SemiAnalysis has put SMIC's third-generation 7nm process under the microscope — and the numbers are more complicated than either side would like.
The research firm's new in-house teardown lab chose Huawei's HiSilicon Kirin 9030 as its first subject. The chip, produced by China's SMIC under US export controls that were meant to prevent exactly this kind of progress, recorded a minimum local metal pitch of 32.5nm. That figure undercuts Intel's 18A process on the same metric. Density, however, is a different story: SMIC's node trails by 38% compared to the leading Western and Taiwanese alternatives SemiAnalysis benchmarked against.
The gap matters because density — how many transistors you can pack into a given area — is what ultimately drives performance-per-watt and die-cost economics.
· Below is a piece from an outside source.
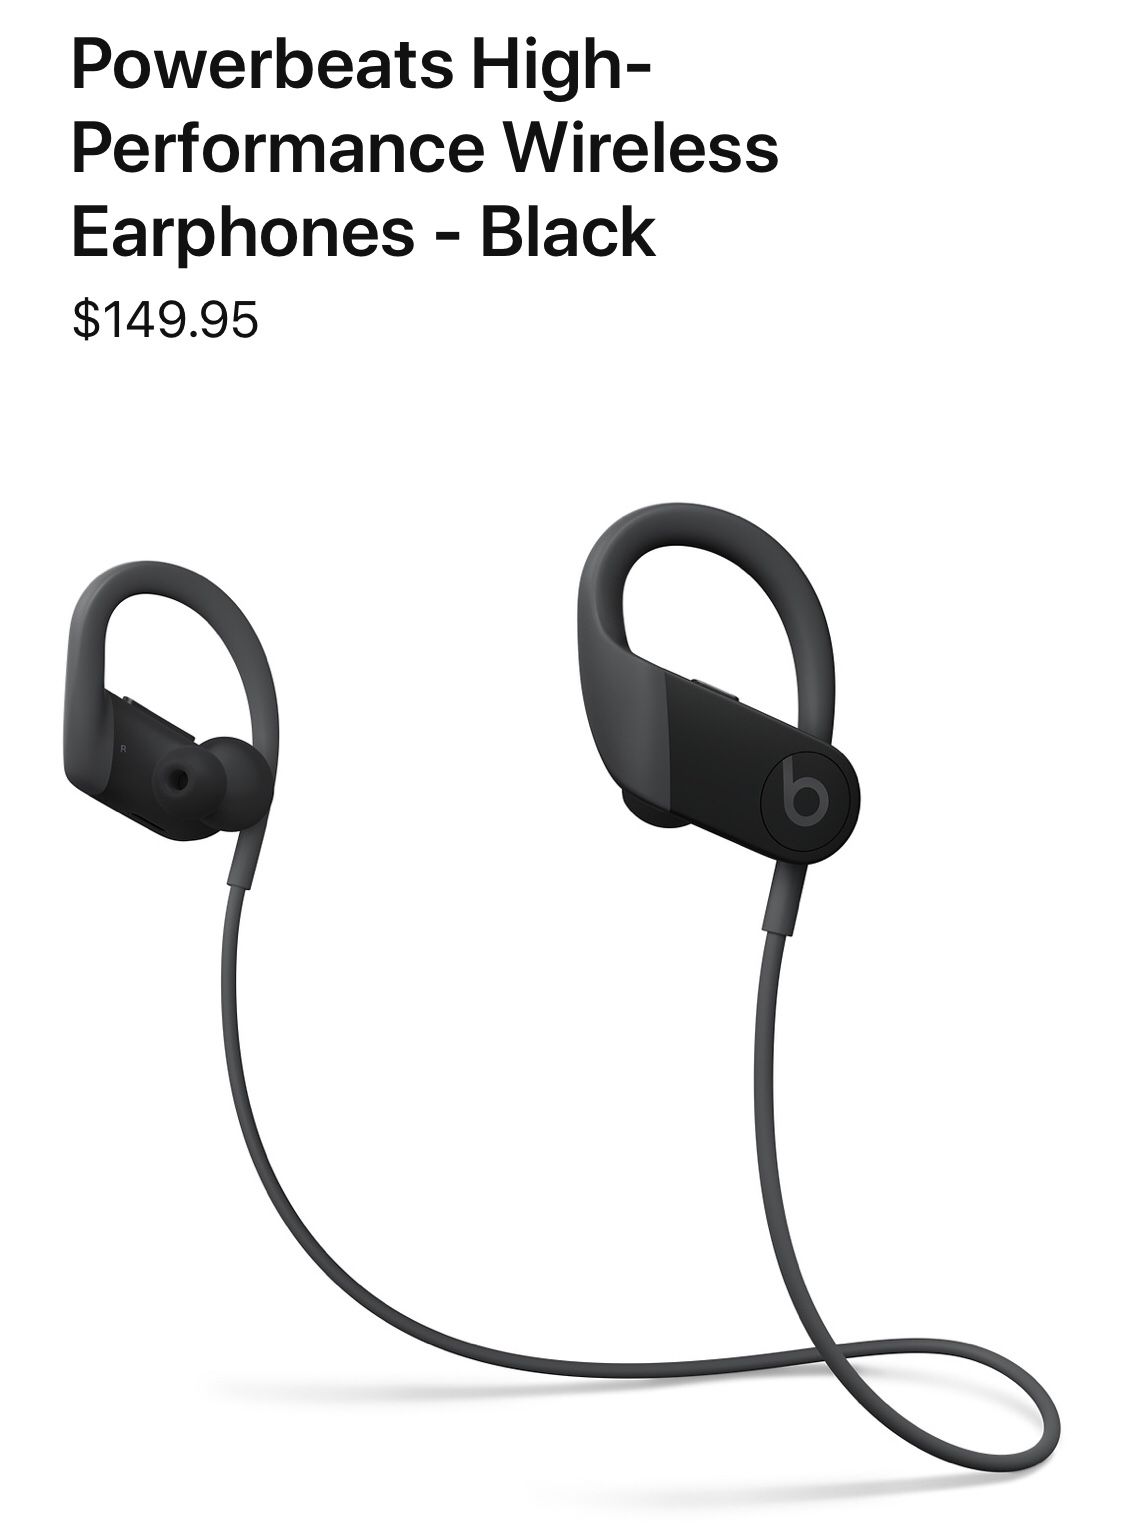 Powerbeats high performance wireless earphones - black
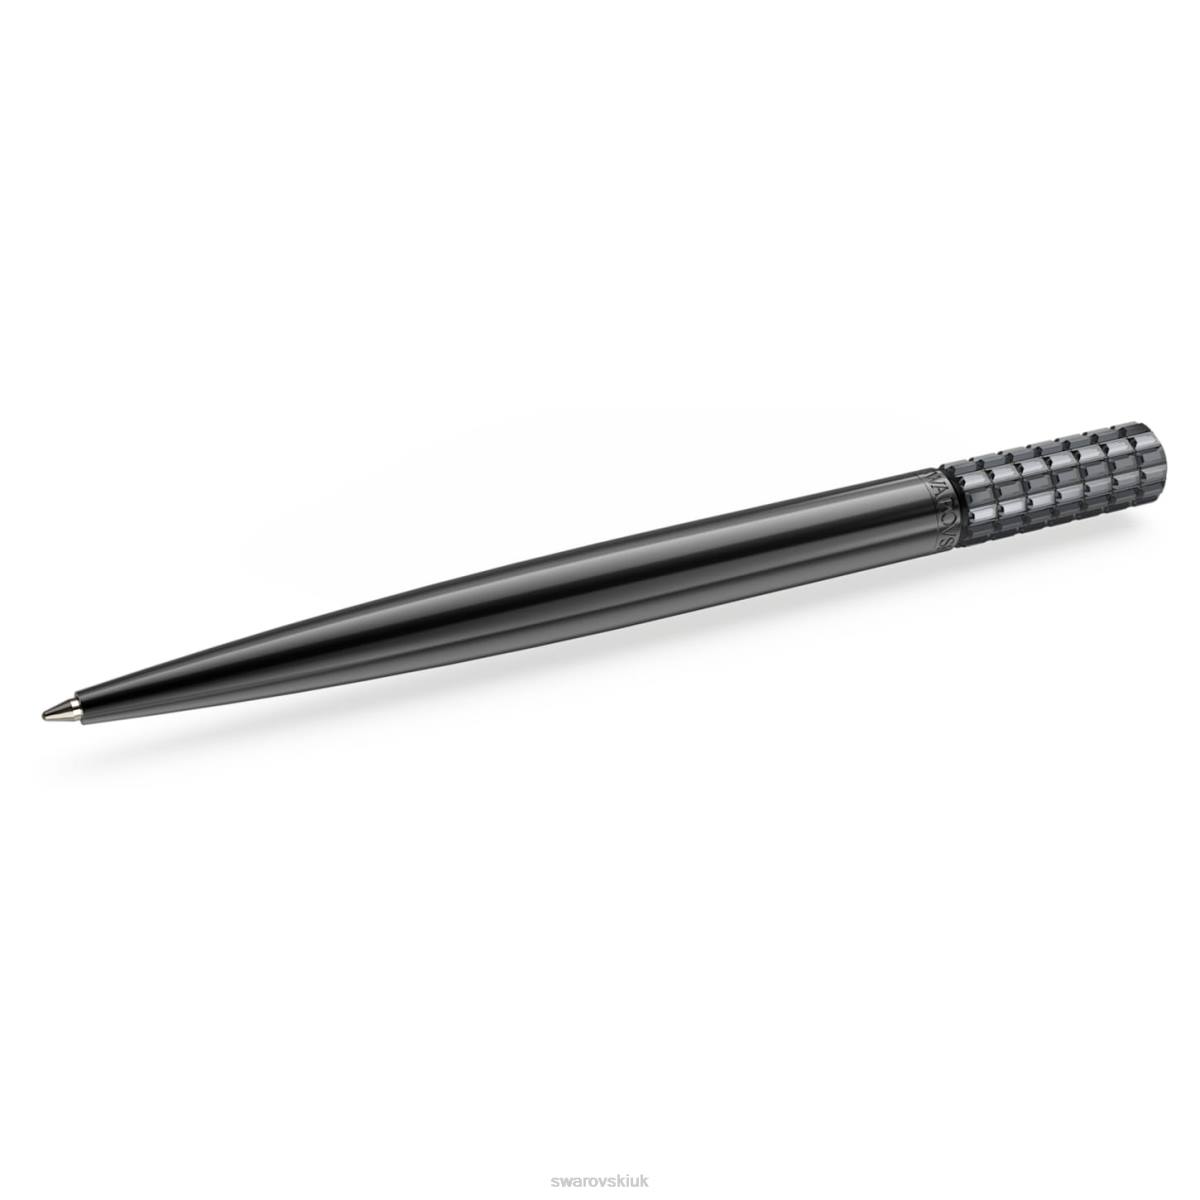 Accessories Swarovski Ballpoint pen Black, Black lacquered 48JX1268

A tighter metal pitch is one input to density, but it is not the whole equation. SMIC closing that gap at all, while operating under sweeping US sanctions on advanced chipmaking equipment, is a signal that containment policy is leaking.
China's semiconductor push has long been described as years behind TSMC and Samsung. The Kirin 9030 teardown suggests the distance is real but shrinking, and that sanctions have slowed rather than stopped the climb. The 38% density lag is meaningful; so is the fact that a sanctioned fab is now trading punches with Intel on any metric at all.